***** Provided data *****
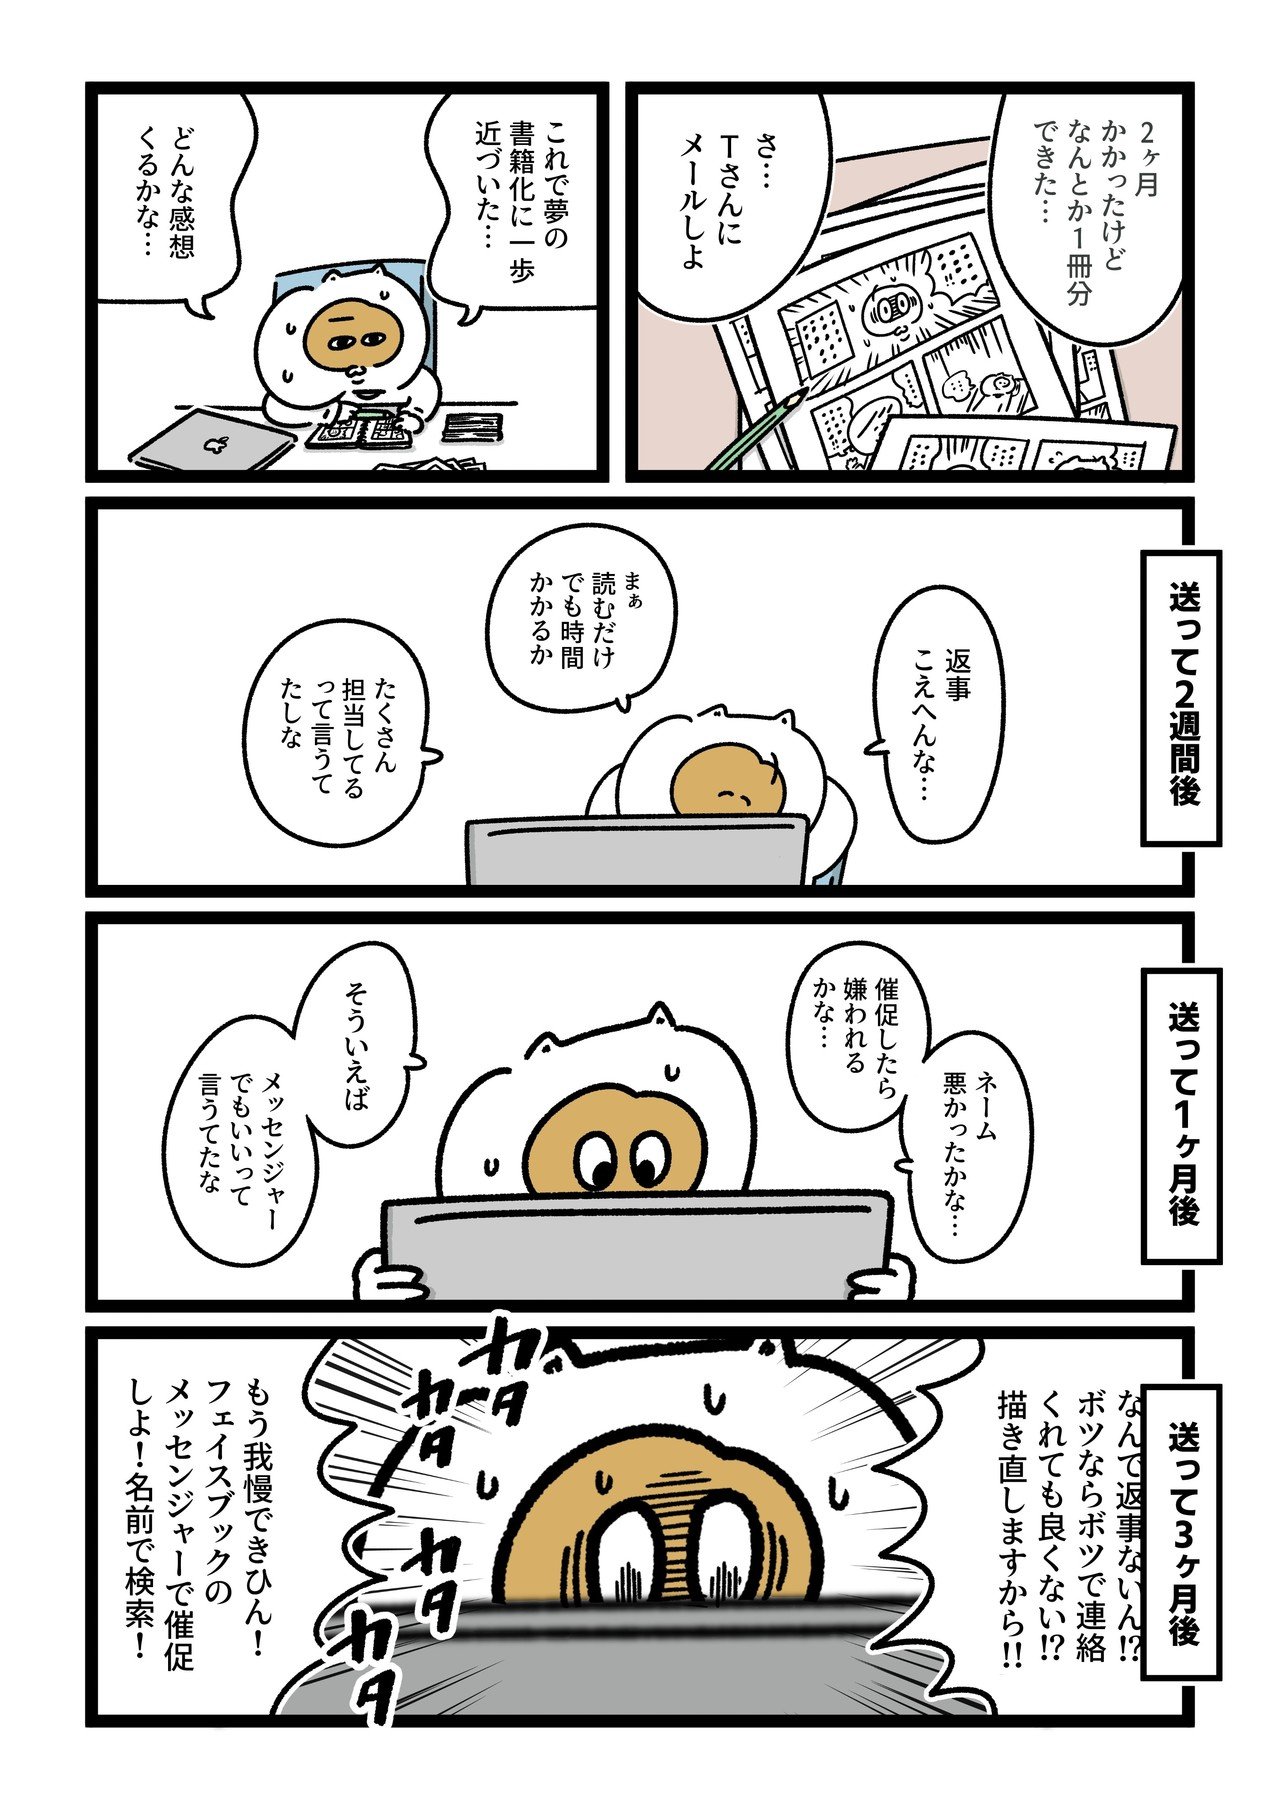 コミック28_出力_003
*****
***** Provided data *****
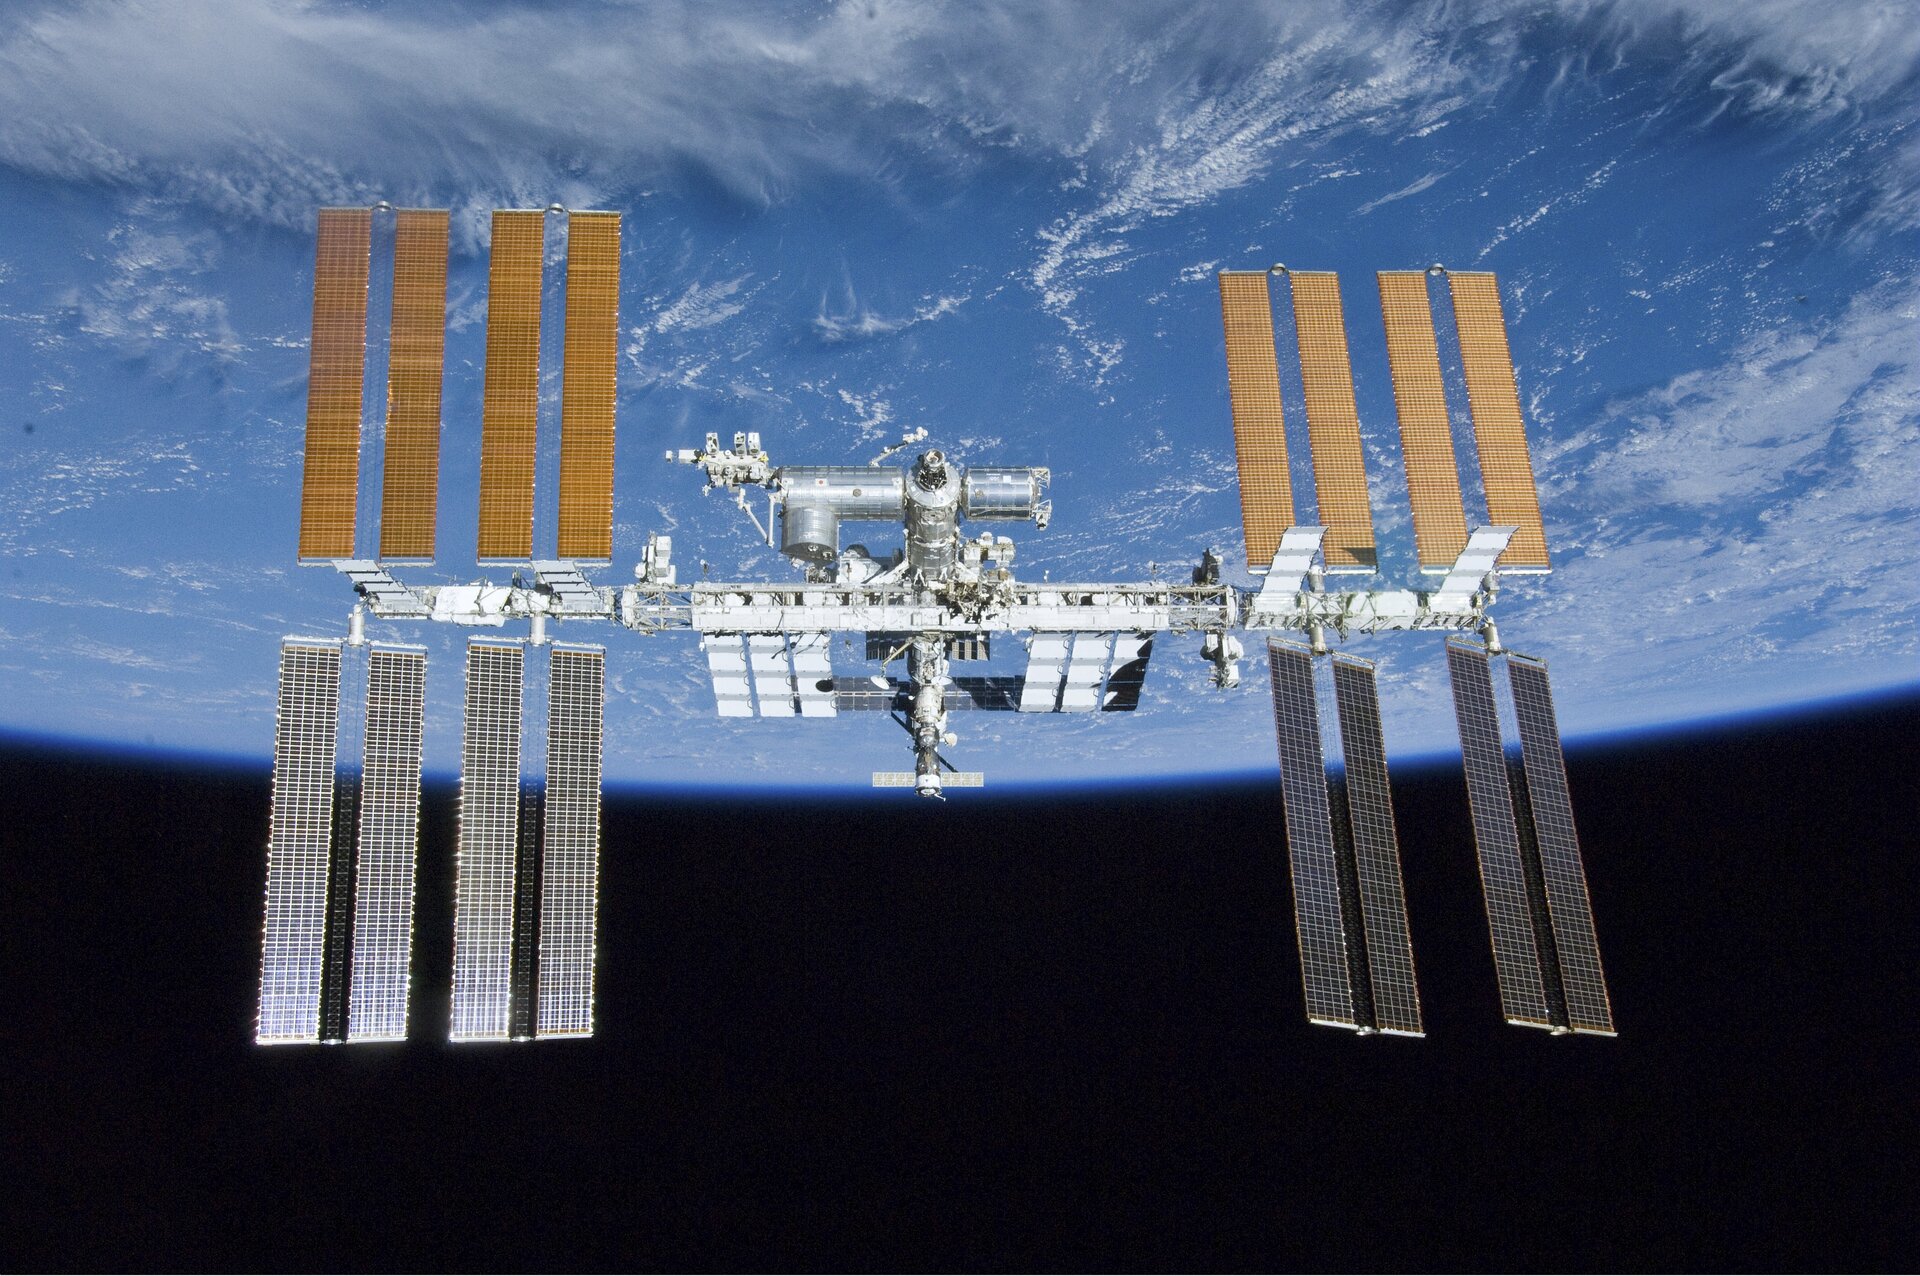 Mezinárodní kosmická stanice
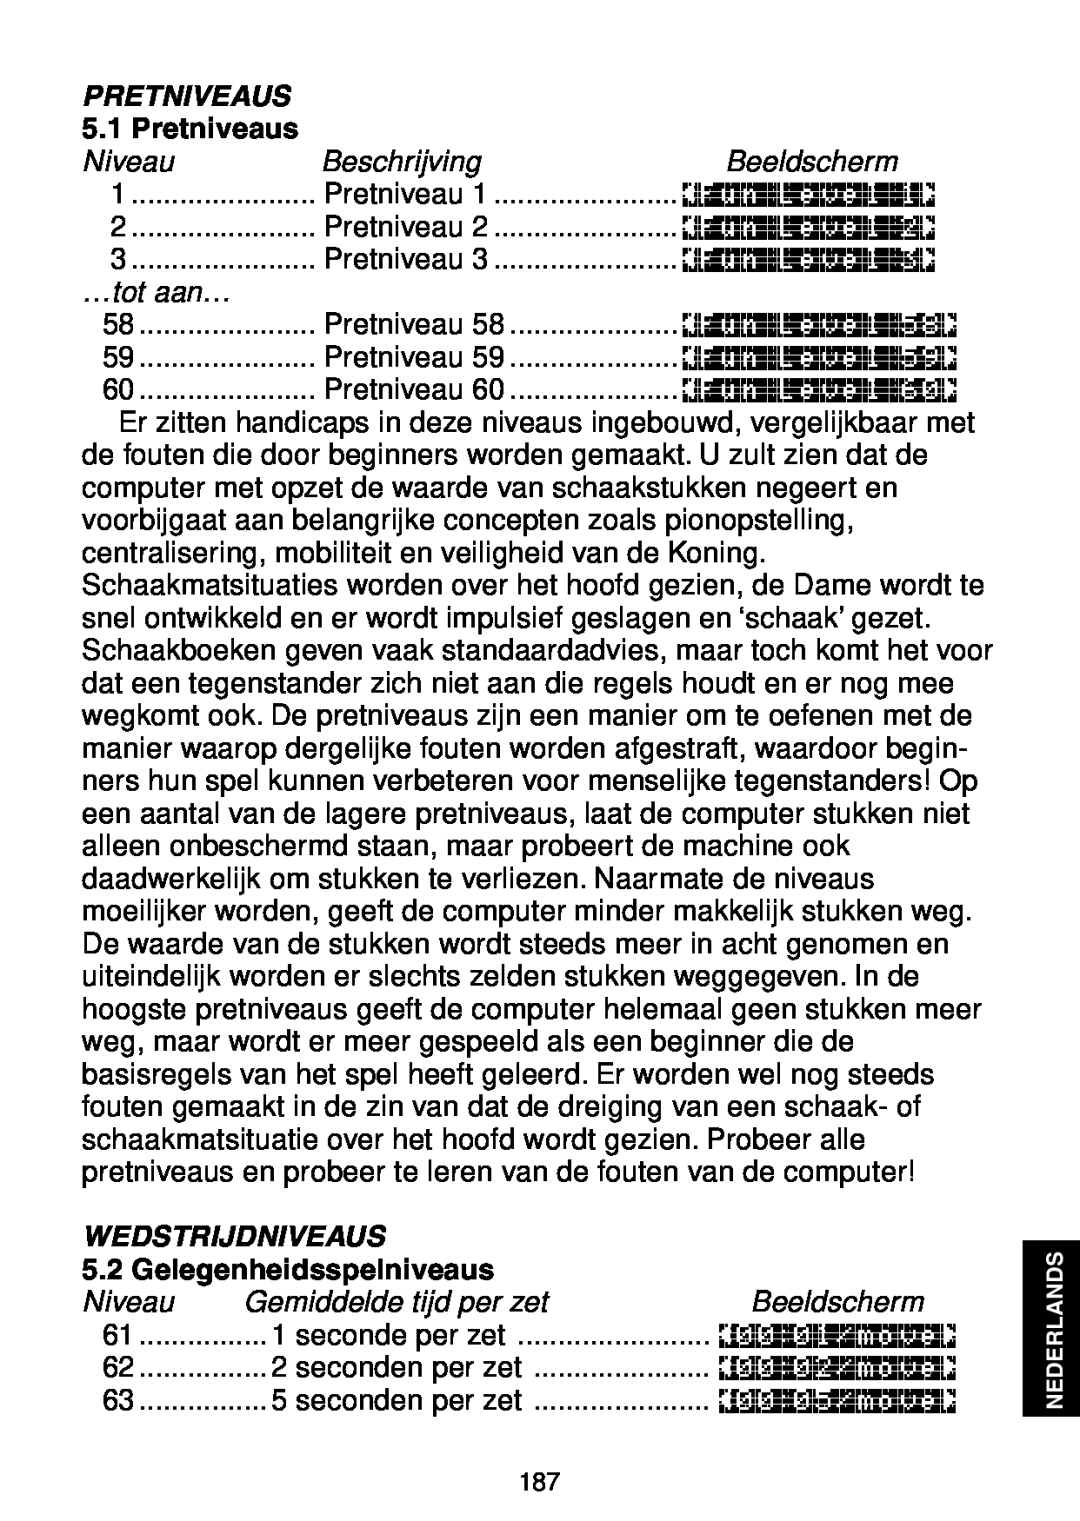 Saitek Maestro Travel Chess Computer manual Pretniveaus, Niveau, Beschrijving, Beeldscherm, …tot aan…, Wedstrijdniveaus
*****
Assignment:
Everything above from the line that has "Mezinárodní kosmická stanice" down to the line that has "Saitek Maestro Travel" should be output exactly, with both of those lines included. Leave the pictures behind.

Answer space:
 Mezinárodní kosmická stanice
 Saitek Maestro Travel Chess Computer manual Pretniveaus, Niveau, Beschrijving, Beeldscherm, …tot aan…, Wedstrijdniveaus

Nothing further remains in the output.